If they lost the apostrophe, they could just as well change it to Duncan. (But then they would be victims of a [very] hostile takeover by Macbeth. Maybe not the best idea. Then again, the commercial with three witches making coffee and no donuts could be big.)

John Goodman has been calling the place Dunkin’ on the commercials for, what, a couple years now? If only I had put it together I would have known this was coming!!

If you move the first letter around to the end, you get UNKIND

(Well, actually UNKIN’D)

Getting away from what made you successful has always worked so well for businesses.

Maybe they could take a cue from an annoying insurance company blanketing the airwaves with ads, and do “Dunkin’” spots with the chorus “Dunkin’ Dunkin’ Dunkin’…Dunkin!”.

I would have sworn that they had made this name change within the past year or two, or at least announced that they were going to make the change. I guess the article does say that they “toyed with the idea” for quite some time now, but I really had thought they made an announcement about this earlier (not just inferred from the commercials.)

I hate the apostrophe too, but “Dunking” would be even more irritatin’.
mmm

Dunking Doughnuts.

That’s been going on a long time- I’ve lived in my neighborhood for 30 years and for as long as I can remember, the donuts have been made in one location and delivered to other the locations owned by the same person.

It makes sense to me. They put no effort into their doughnuts, which are barely better than grocery store doughnuts. Krispy Kreme is far better, and even better than that are the other places that make fresh doughnuts all day—like Duck Donuts, Sugar Shack, Astro Doughnuts, etc.

Seems like a move to be considered one of the big coffee chains, competing with the likes of Starbucks. Having ‘Doughnuts’ in their name renders them forever just an unhealthy doughnut shop, but now they’re in the same lucrative class as Starbucks, Peete’ s, etc., without having to do anything except remove a word. They are already marketing their coffee at the grocery store, just like the others.

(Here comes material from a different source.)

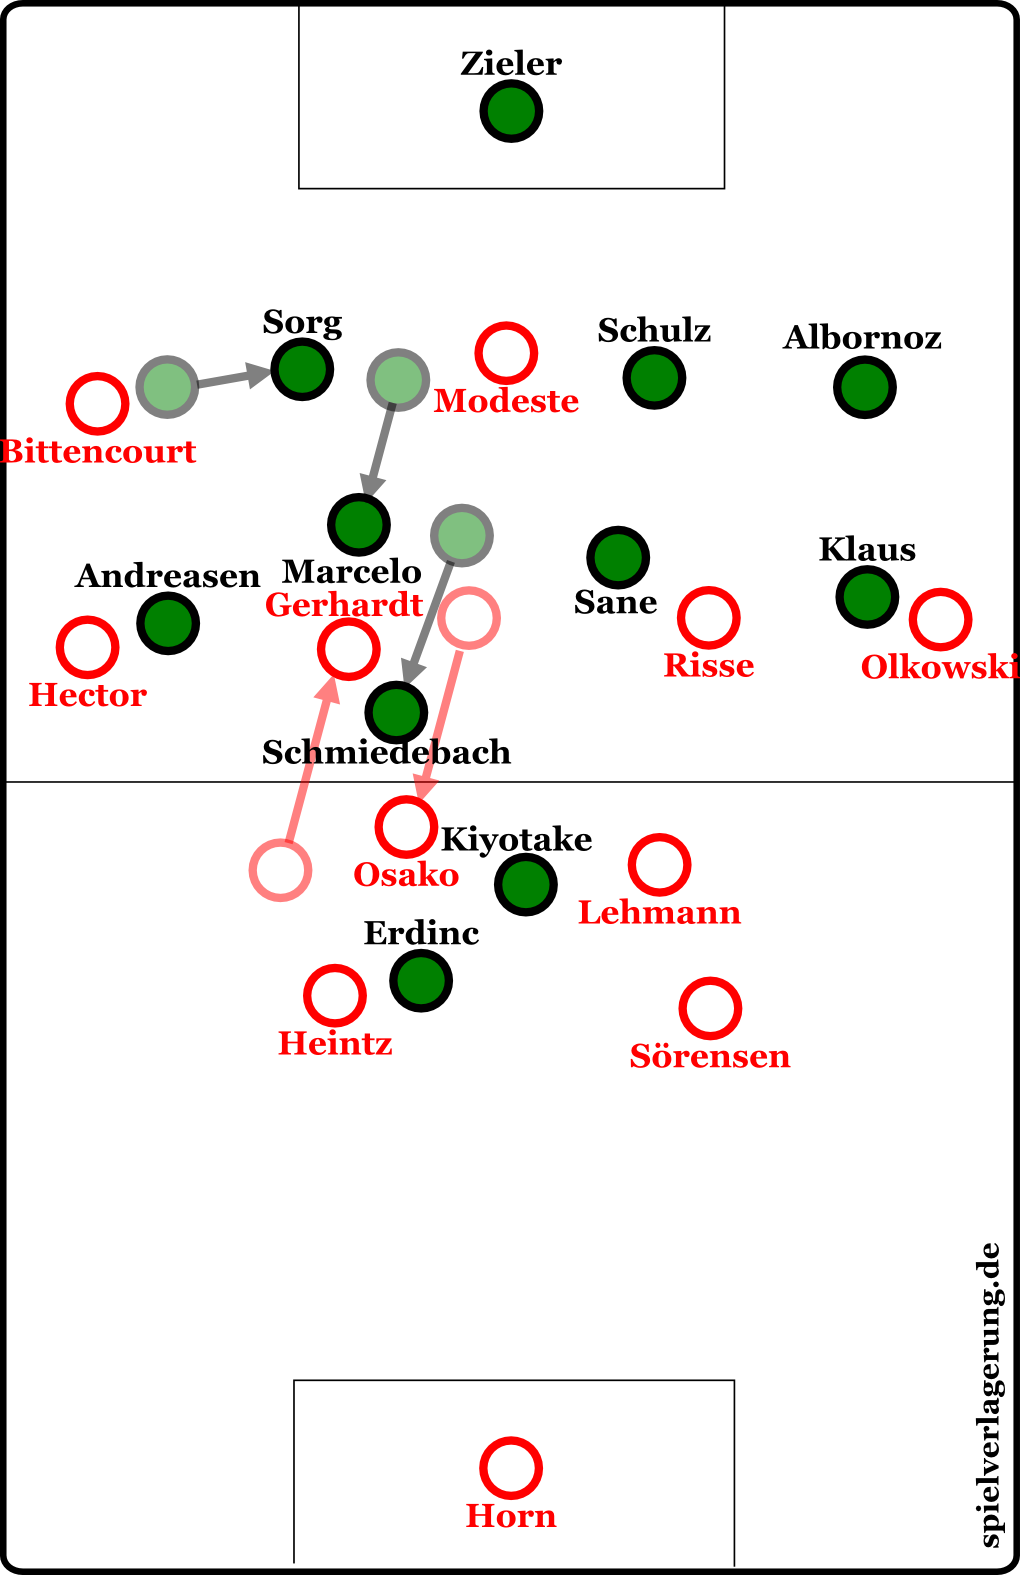 Kölns Spielidee: Osako zieht Schmiedebach mit sich, Sane muss auf Risse achten. Gerhardt stößt nach vorne und zieht Marcelo aus der Kette, wodurch wiederum Sorg einrücken muss. Und schon ist Platz auf dem linken Flügel für Bittencourt.

Shipley Do-Nuts are much better. They are a regional chain.

Dunkin’ implies the use of a doughnut. Although I never liked ruining my coffee that way.

I guess many people just say Dunkin already. It’s too much trouble to say both words.

My love for doughnuts faded many years ago. I buy them a couple times a year. Maybe eat two.
I do like Shipleys croissant breakfast sandwich and buy them every couple weeks.

:eek:

Now that’s just crazy talk.

Tim Hortons’, while similar, is much better.
(For those of you who do not live on the northern tier, Timmys’ is a Canadian chain similar to (although in my humble opinion much better than) Dunkin’ Donuts. However, it occupies a place in Canadian culture more like Micky D’s here in the States.)

They should just change the name to what we all call them anyway: Double D’s.

From a branding perspective, this is perfectly fine with me. No one really called them Dunkin’ Doughnuts anyway and it’s been said already how it’s easier to put on the internet. This will go over just fine and in 5 years we will barely remember their full name.

Chalk up another thing I learned on the dope today. So obvious, yet I’d never heard it before.

They used to be a great doughnut shop that also sold coffee. For decades now, they’ve been a good coffee shop that also sells subpar doughnuts at inflated prices. I’m not sure when it changed but I think sometime in the 1990s. As of the late 1980s they still had a huge selection of big, tasty, incredibly fresh doughnuts to choose from. By about 2000, they had a paltry selection of small, insipid, often stale doughnuts. I still buy their coffee sometimes but I haven’t bought doughnuts there for years. You can get bigger, tastier, fresher doughnuts for less money at almost any supermarket that has an in-store bakery.